When a SparkApplication is in a FAILED state (e.g., due to driver/executor pod failures), updating the spec (such as changing annotations for the driver or executor) does not trigger a re-submission of the application.
According to the documentation, the operator should detect spec changes and re-submit the application, even terminating the running one if necessary.
My question is:
- Are there any gotchas in this behaviour?
- What kind of spec changes trigger re-submission?
- Is there a configuration that would prevent this?
Additional context
My ScheduledSparkApplication was not operating correctly due to a driver/executor pod error.
- I updated the application spec by modifying driver and executor annotations and redeployed my Helm chart.
- The spec was updated successfully, but no new driver or executor pods were created with this updated spec.
- I expected the operator to re-submit the application based on the updated spec.
My SparkApplication manifest for reference:
apiVersion: "sparkoperator.k8s.io/v1beta2"
kind: ScheduledSparkApplication
metadata:
name: "my-spark-job"
namespace: default
annotations:
app: custom-spark-job
prometheus.io/scrape: "true"
prometheus.io/port: "8090"
labels:
...
spec:
concurrencyPolicy: Forbid
schedule: "@every 5m"
successfulRunHistoryLimit: 1
failedRunHistoryLimit: 3
template:
image: "my-image"
imagePullPolicy: IfNotPresent
mode: cluster
restartPolicy:
type: Always
onFailureRetryInterval: 10
onSubmissionFailureRetryInterval: 10
sparkVersion: "3.5.3"
mainApplicationFile: "local:///opt/spark/src/job.py"
type: "Python"
pythonVersion: "3"
sparkConf:
spark.delta.logStore.class: org.apache.spark.sql.delta.storage.S3SingleDriverLogStore
spark.kubernetes.container.image.pullSecrets: "regcred"

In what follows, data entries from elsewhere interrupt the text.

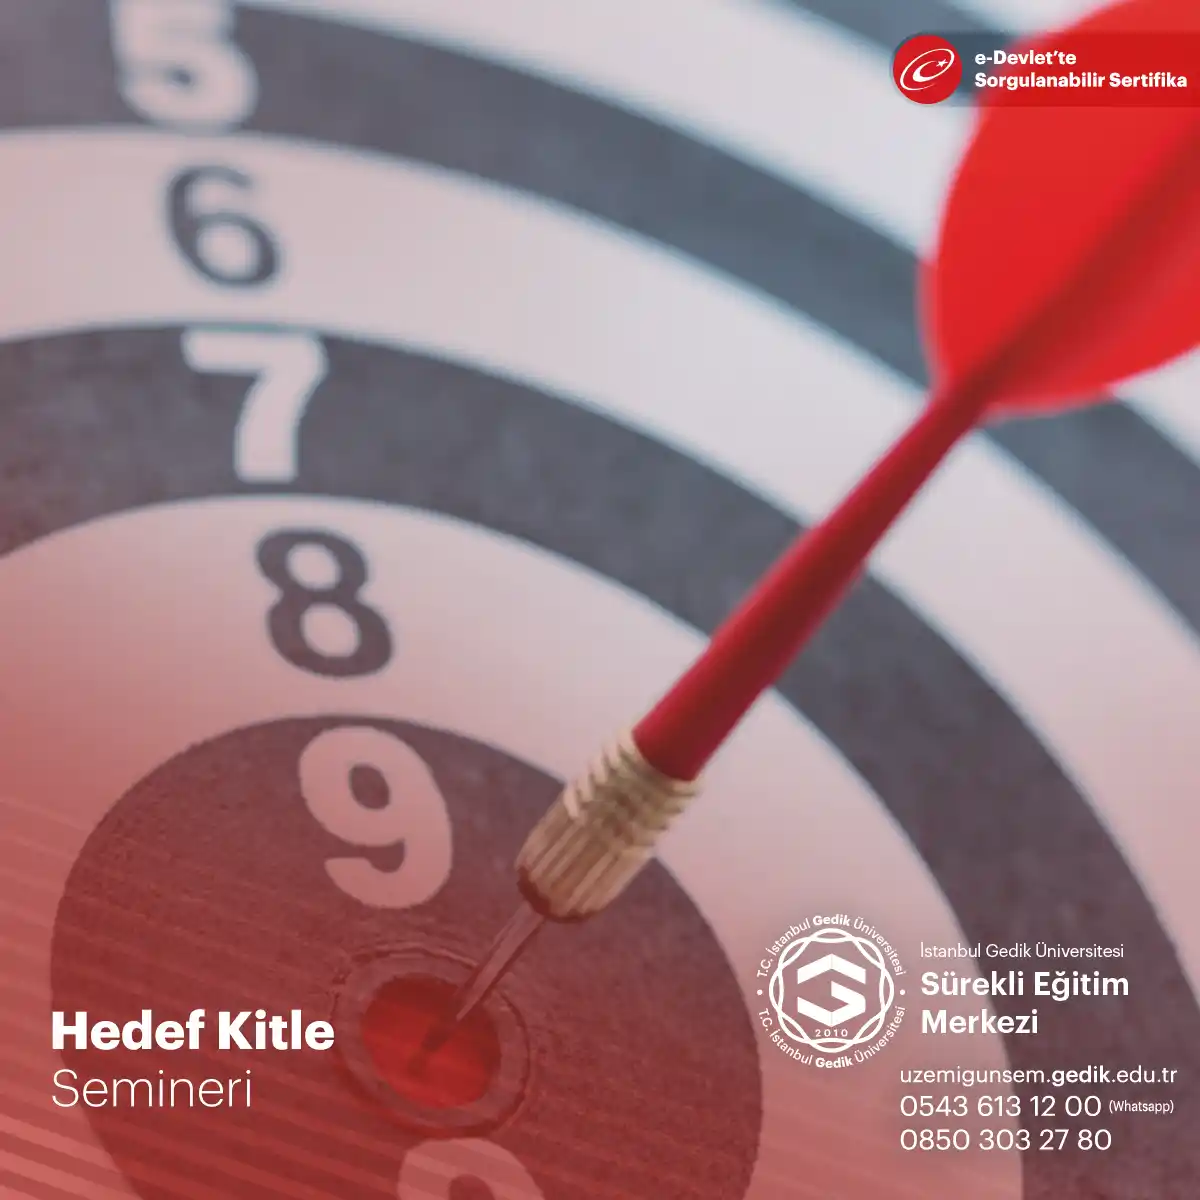 Hedef Kitle Semineri, pazarlama profesyonelleri ve işletme sahipleri için önemli bir bilgi kaynağıdır.
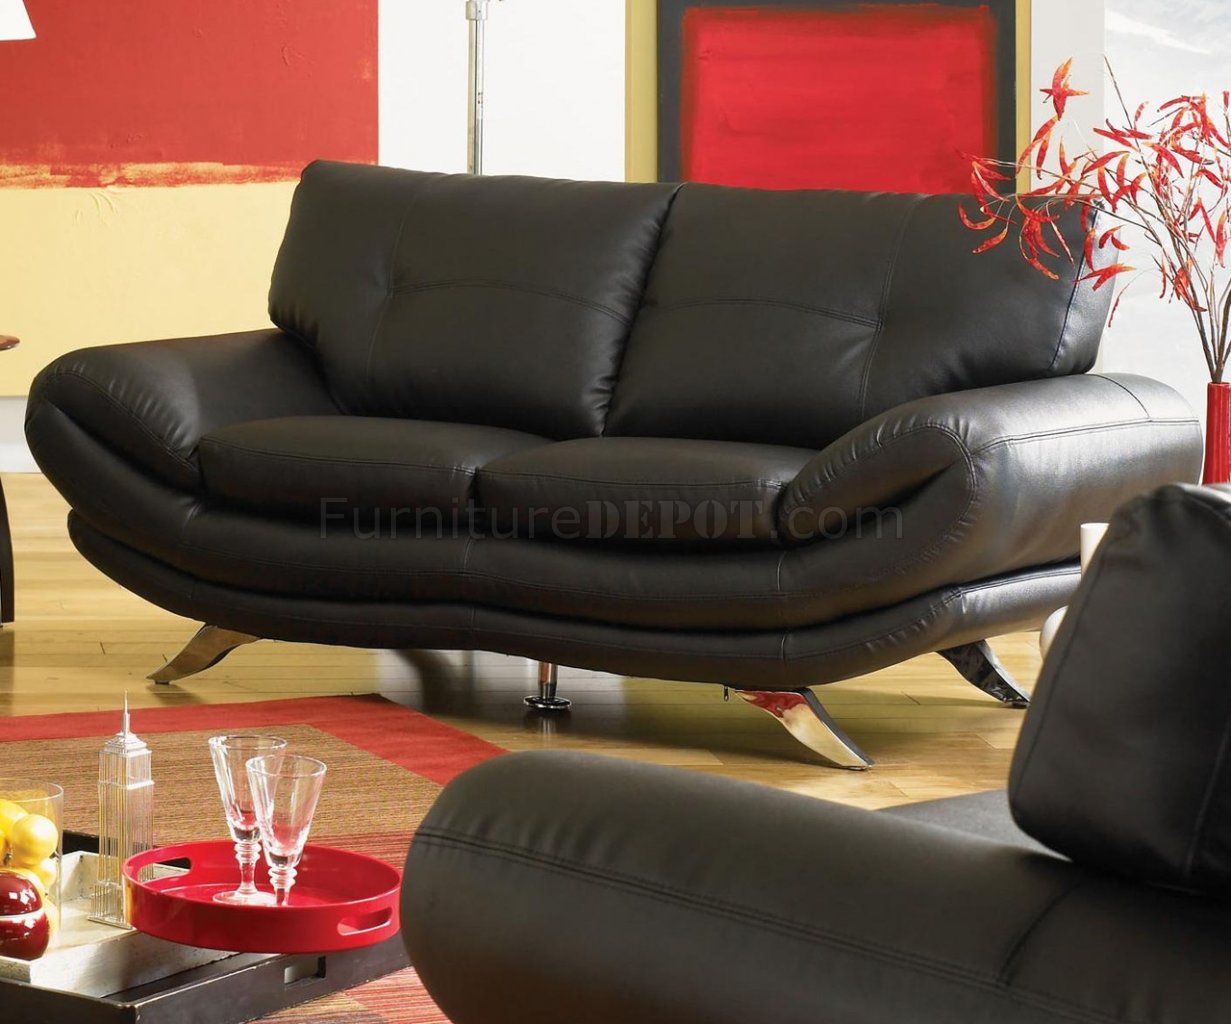 Contemporary Living Room U334 Black, Black Leather Sofa With Chrome Feet
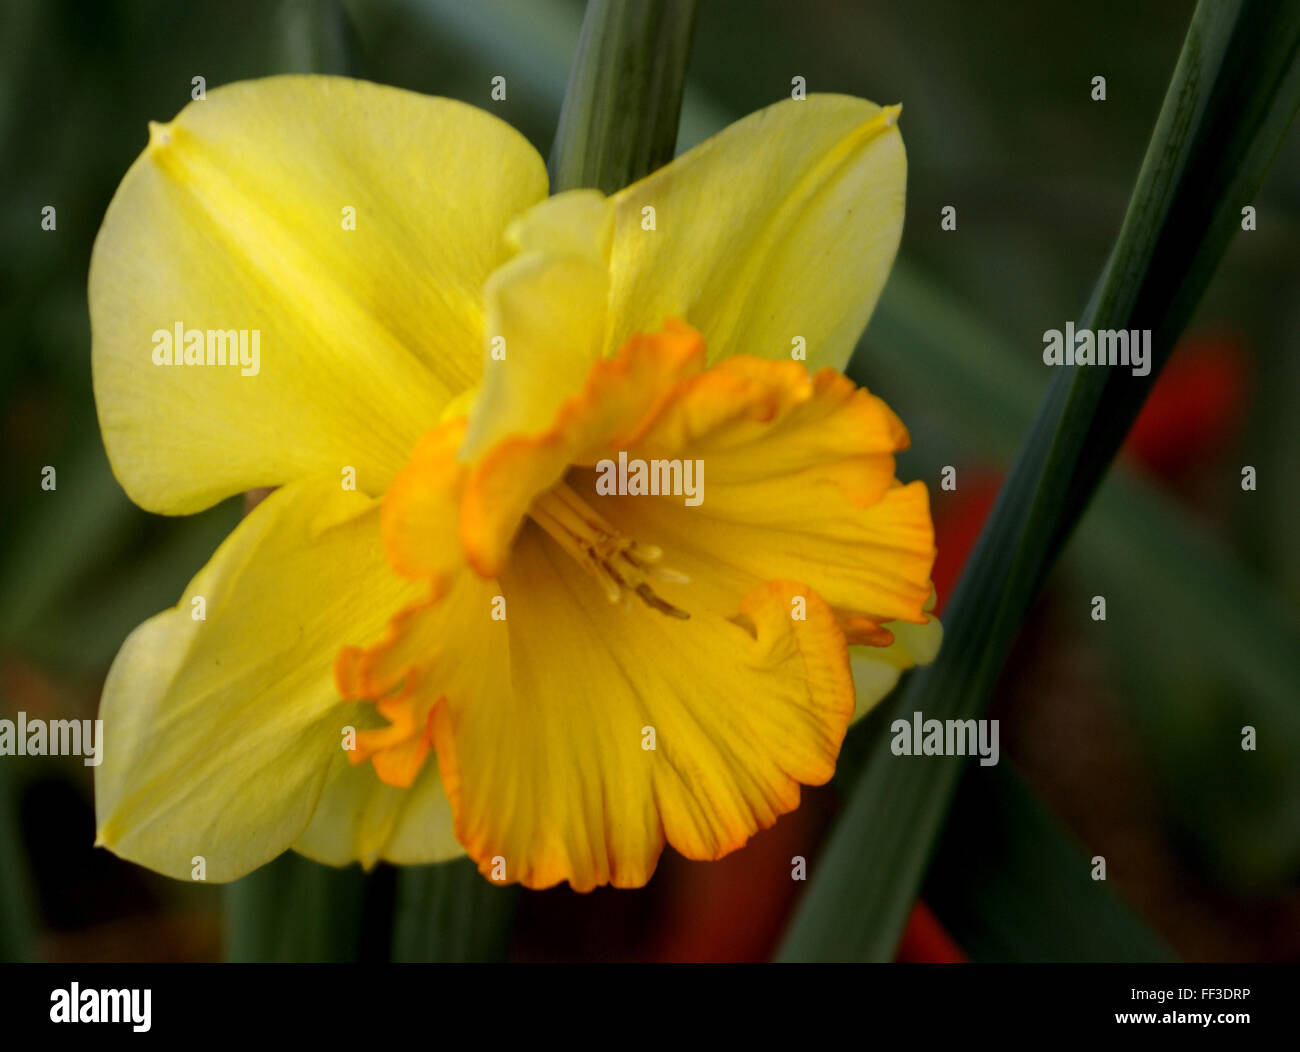 Narcissus pseudonarcissus jonquille sauvage, le carême, Lily, herbe vivace bulbeuse avec des fleurs jaunes sur une longue hampe florale, corona de long Banque D'Images

spark.kubernetes.memoryOverheadFactor: "0.25"
spark.sql.broadcastTimeout: "3600"
spark.sql.streaming.metricsEnabled: "true"
spark.metrics.appStatusSource.enabled: "true"
spark.dynamicAllocation.schedulerBacklogTimeout: "5s"
spark.dynamicAllocation.sustainedSchedulerBacklogTimeout: "5s"
spark.dynamicAllocation.executorIdleTimeout: "120s"
spark.dynamicAllocation.cachedExecutorIdleTimeout: "240s"
spark.kubernetes.driver.label.sidecar.istio.io/inject: "false"
spark.kubernetes.executor.label.sidecar.istio.io/inject: "false"
spark.driver.extraClassPath: "/opt/docker/lib/*"
spark.executor.extraClassPath: "/opt/docker/lib/*"
driver:
annotations:
vault.hashicorp.com/agent-init-first: "true"
vault.hashicorp.com/agent-inject: "true"
vault.hashicorp.com/agent-inject-status: "update"
vault.hashicorp.com/agent-pre-populate-only: "true"
vault.hashicorp.com/role: "some-vault-role"
vault.hashicorp.com/template-static-secret-render-interval: 15s
vault.hashicorp.com/agent-inject-secret-client-secrets.sh: "foo"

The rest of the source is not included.